Il ressort de l’espèce que Monsieur [T] s’est vu proposer un échéancier le 11 avril 2023 devant le juge des contentieux de la protection, et que cet échéancier permettait l’apurement de la dette à raison de 200€ mensuels.
Or, Monsieur [T] n’a pas respecté cet échéancier.
Lors de la présente instance, il sollicite du Juge de l’exécution une mainlevée de la saisie des rémunérations, dans la mesure où les mensualités fixées par décret à 550€ mensuels au regard de ses revenus et charges seraient trop élevées.
Il sollicite la mise en place d’un nouvel échéancier dont les échéances seraient de 220€.
Toutefois, il ressort de l’examen de l’entière procédure que Monsieur [T] n’a pas fait preuve de la meilleure foi dans le déroulement des instances judiciaires successives.
Dans un premier temps en effet, il n’a quasiment jamais réglé le loyer du au titre du bail signé le 14 août 2020.
Par la suite, il ne s’est pas présenté à l’audience d’expulsion tenue par le juge des contentieux de la protection le 29 juillet 2021. Or, s’il avait quitté le logement en juin 2021, la dette locative demeurait un sujet important à aborder lors de cette audience.
Enfin, lors de l’audience de conciliation du 11 avril 2023, Monsieur [T] s’est engagé à régler 200€ mensuels à l’huissier poursuivant, ce qu’il n’a pas davantage respecté.
Il ressort ainsi que la confiance qui a pu être placée en Monsieur [T] a systématiquement été déçue, et que le fait de lui octroyer un nouvel échéancier présente tous les risques de se heurter à un nouveau manquement dans les engagements pris.

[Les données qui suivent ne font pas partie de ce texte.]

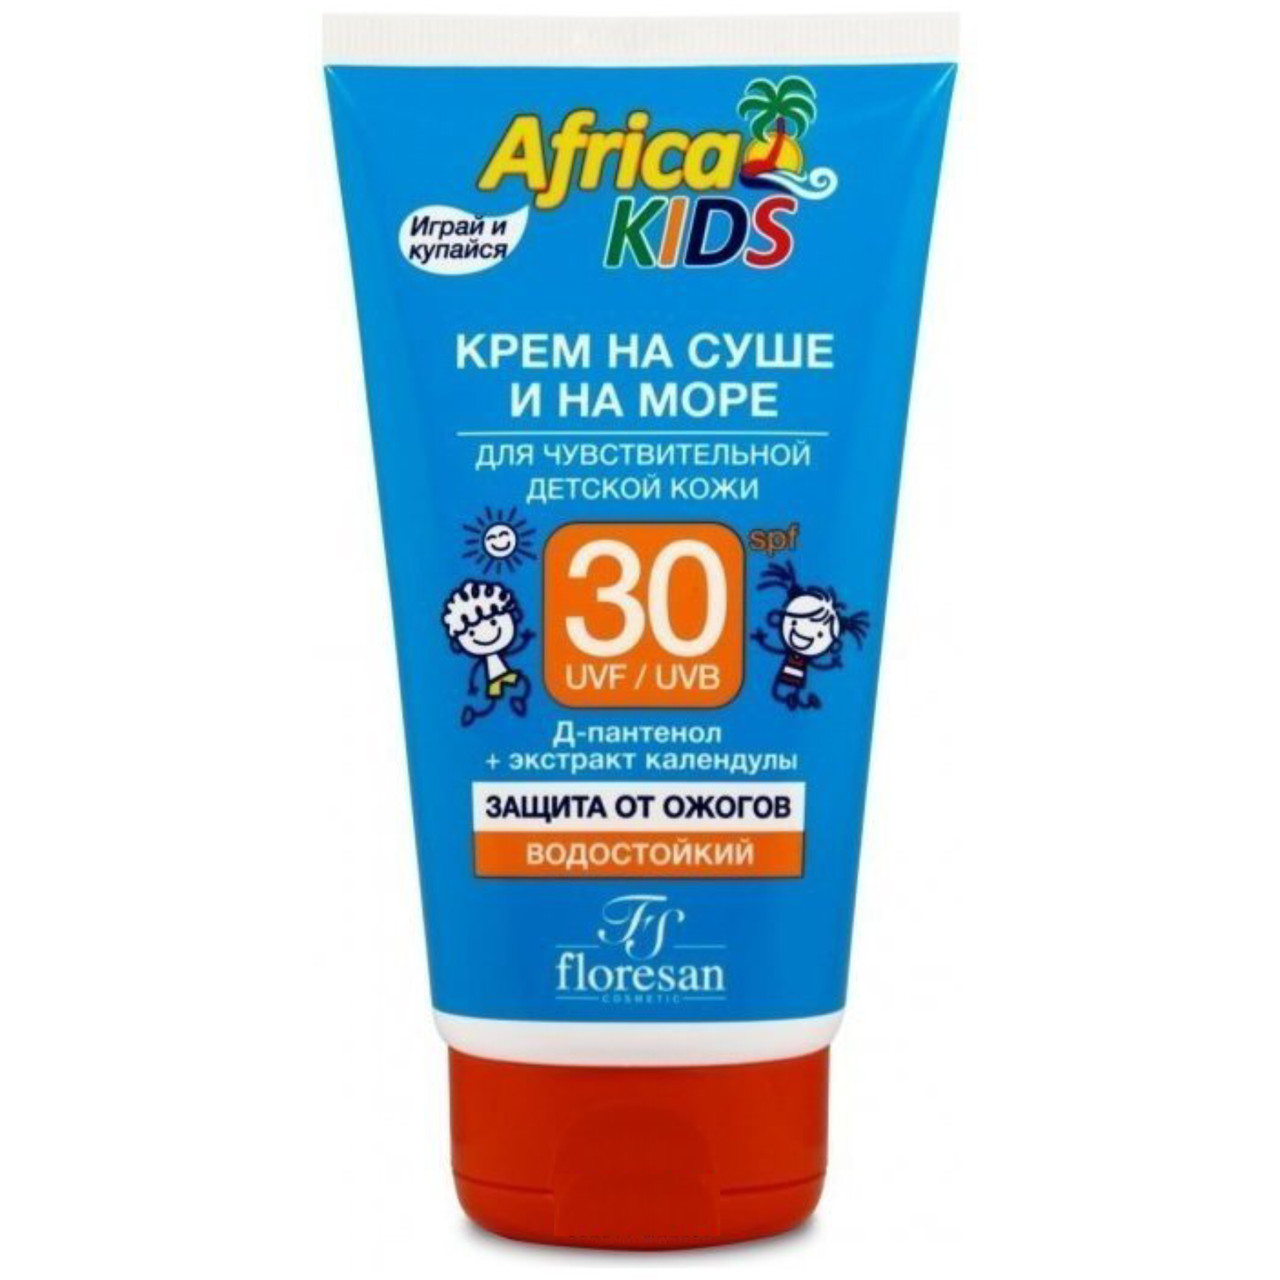 Крем солнцезащитный для чувствительной детской кожи Floresan Africa Kids SPF 30, 150мл

En tout état de cause, Monsieur [T] affirme toucher un salaire de 2200€, et devoir s’acquitter de charges fixes à hauteur de 1124€, ce qui lui laisse largement de quoi s’acquitter des 550€ exigés par le commissaire de justice en apurement de sa dette locative, laquelle perdure depuis plus de trois années.
En conséquence, Monsieur [T] sera débouté de l’ensemble de ses demandes.
Sur les demandes annexes
Au regard de la nature de l’affaire, de son contexte et de la durée du contentieux, il convient de condamner Monsieur [T] à la somme de 800€ en application des dispositions de l’article 700 du code de procédure civile.
Monsieur [T] sera tenu aux entiers dépens, en ce compris les frais de commissaire de justice.
PAR CES MOTIFS :
Le Juge de l’Exécution, statuant publiquement, contradictoirement, en premier ressort,
DÉBOUTE Monsieur [T] de l’ensemble de ses demandes,
CONSTATE que Monsieur [L] [E] est muni d’un titre exécutoire constatant une créance liquide et exigible pour la somme de 6.048,54€ Euros ainsi détaillée :
Principal 4.877,29 Euros
Frais 830,44 Euros,
Intérêts 340,81 Euros
AUTORISE la saisie des rémunérations de Monsieur [V] [T] pour cette somme,
CONDAMNE Monsieur [T] à 800€ en application de l’article 700 du code de procédure civile ainsi qu’aux entiers dépens de l’instance en ce compris les frais de commissaire de justice,
DÉBOUTE les parties de toute demande plus ample ou contraire.
Rappelle que le présent jugement est exécutoire de plein droit, le délai d’appel et l’appel lui-même n’ayant pas d’effet suspensif par application des dispositions de l’article R. 121- 21 du code des procédures civiles d’exécution ;
Rapelle que la signification de la présente décision est obligatoire avant tout acte d’exécution forcée.
Ainsi jugé par Madame Sophie SÉLOSSE, Vice-Présidente en charge des fonctions de Juge de l’exécution, assistée de Madame Emma JOUCLA, greffière, jugement prononcé par mise à disposition au greffe le 11 décembre 2024.